Sceptics or critics may object, but we can’t help feeling the joy in this situation. Taking courage from the tawafuqaat (synchronicities) in Sikka-i Tasdiq-i Ghayby, a book of Nursi’s, we can say that: it is truly amazing to see how Allah (SWT) employs the smartest men in the most serious institutions of the world to clarify the ascension (Mi’raj) of His loved one (PBUH). A TV show called ‘Nova’ highlighting travel through time as a main theme was aired on the American TV channel PBS in 1999. Many scientists such as Prof. Carl Sagan and Prof. Kip Thorne were interviewed during the show. They related the “myths and legends” of classical and ancient civilizations, while mentioning travel through time and they said that there were various stories regarding this concept. I would like to end my article by quoting a little excerpt from that narration. This is a connection that a non-Muslim Western scientist makes between the Mi’raj event and travelling through time based on recent findings in modern physics.

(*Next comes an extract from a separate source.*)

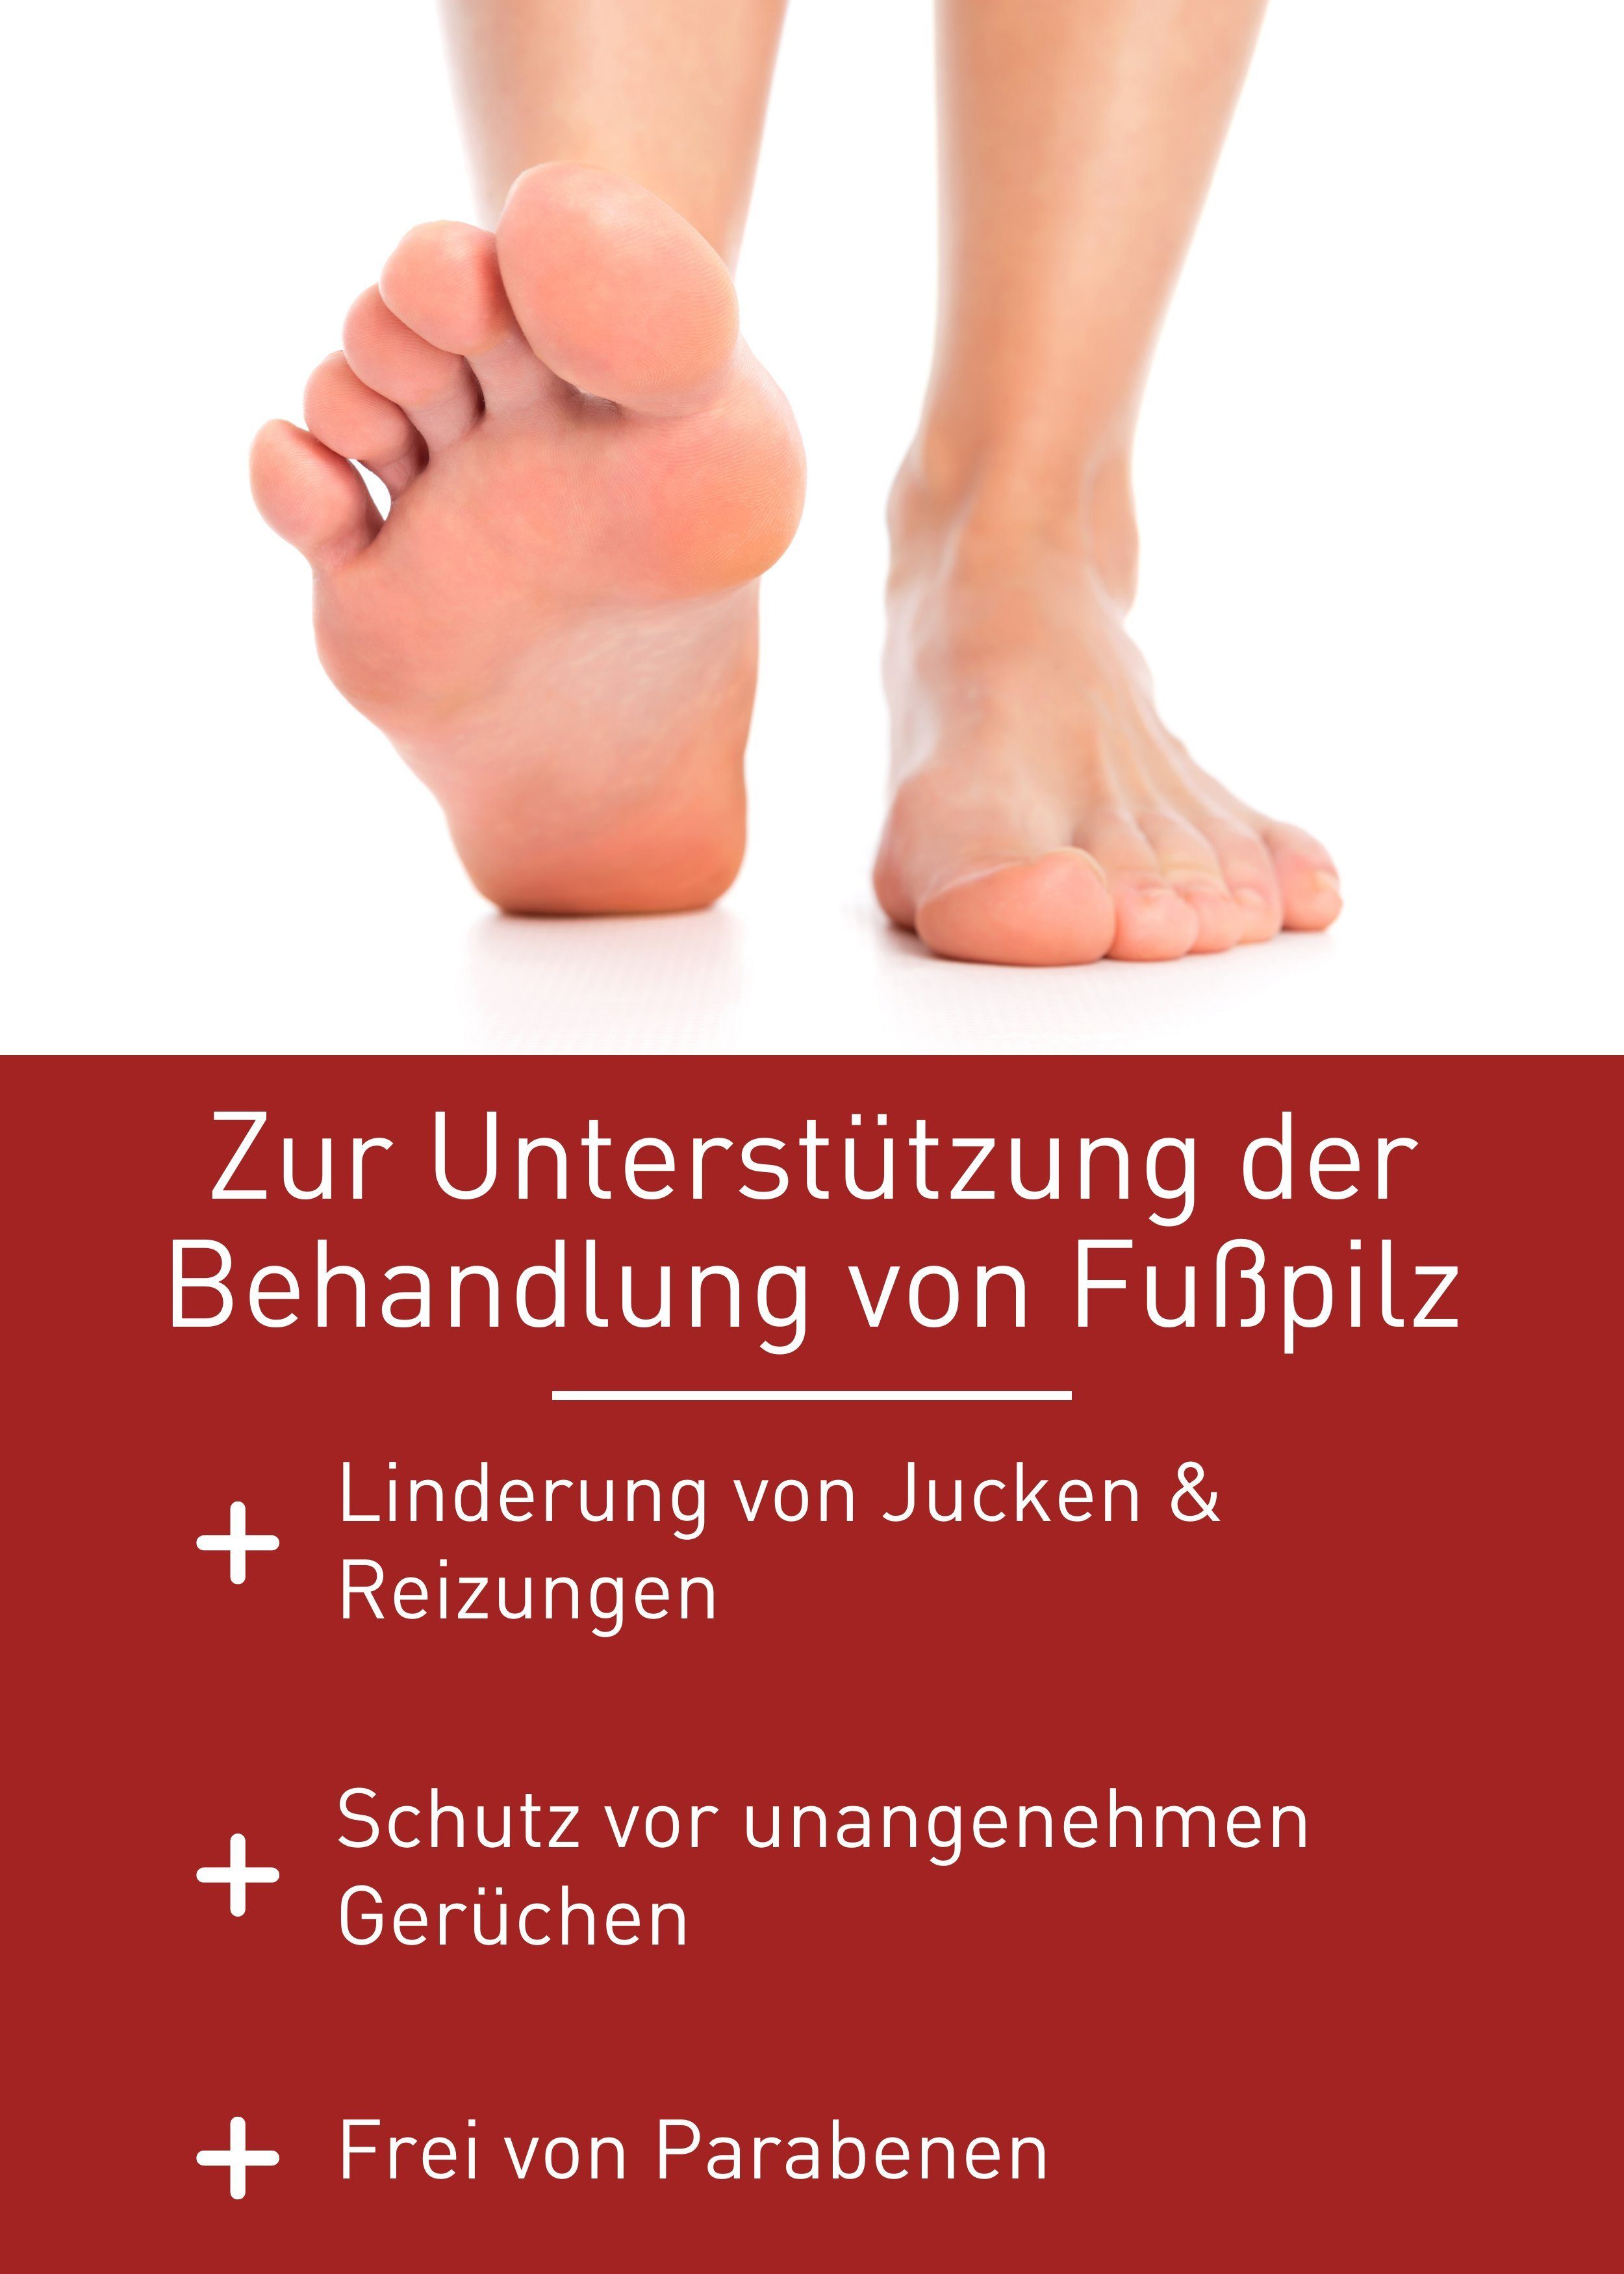 Fußpilz Behandlung Fußpflegespray Fußpilz N1 wirksamen Spray Zur Healthcare ml, 25 von
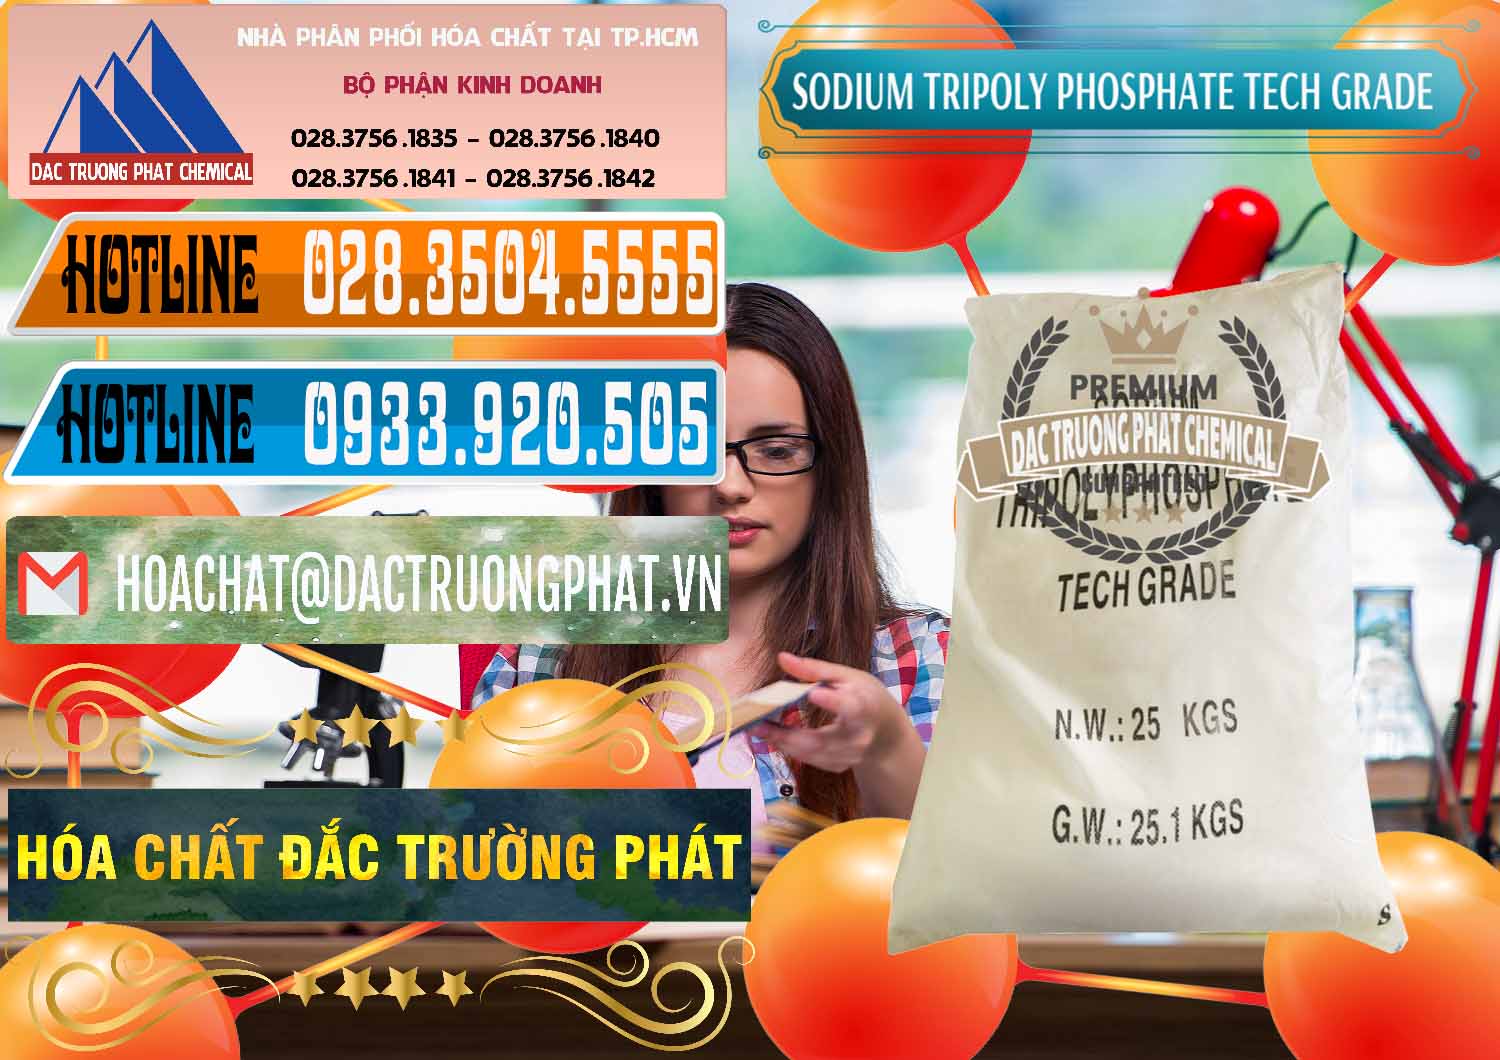 Công ty chuyên cung cấp & bán Sodium Tripoly Phosphate - STPP Tech Grade Trung Quốc China - 0453 - Chuyên bán & phân phối hóa chất tại TP.HCM - stmp.net

“Ancient legends of time distortion are, in fact, quite common. One of the most poetic descriptions of time travel occurs in a popular medieval legend describing a monk entranced for a minute by the song of a magical bird. When the bird stops singing, the monk discovers that several hundred years have passed. Another example is the Moslem legend of Muhammad carried by a mare into heaven. After a long visit, the prophet returns to Earth just in time to catch a jar of water the horse had kicked over before starting its ascent.” (Time Travel, PBS, October 12, 1999)
An event that took place 1400 years ago and today can only be understood by science through complex theories of time and space, none of which were known at that time, must be the truth.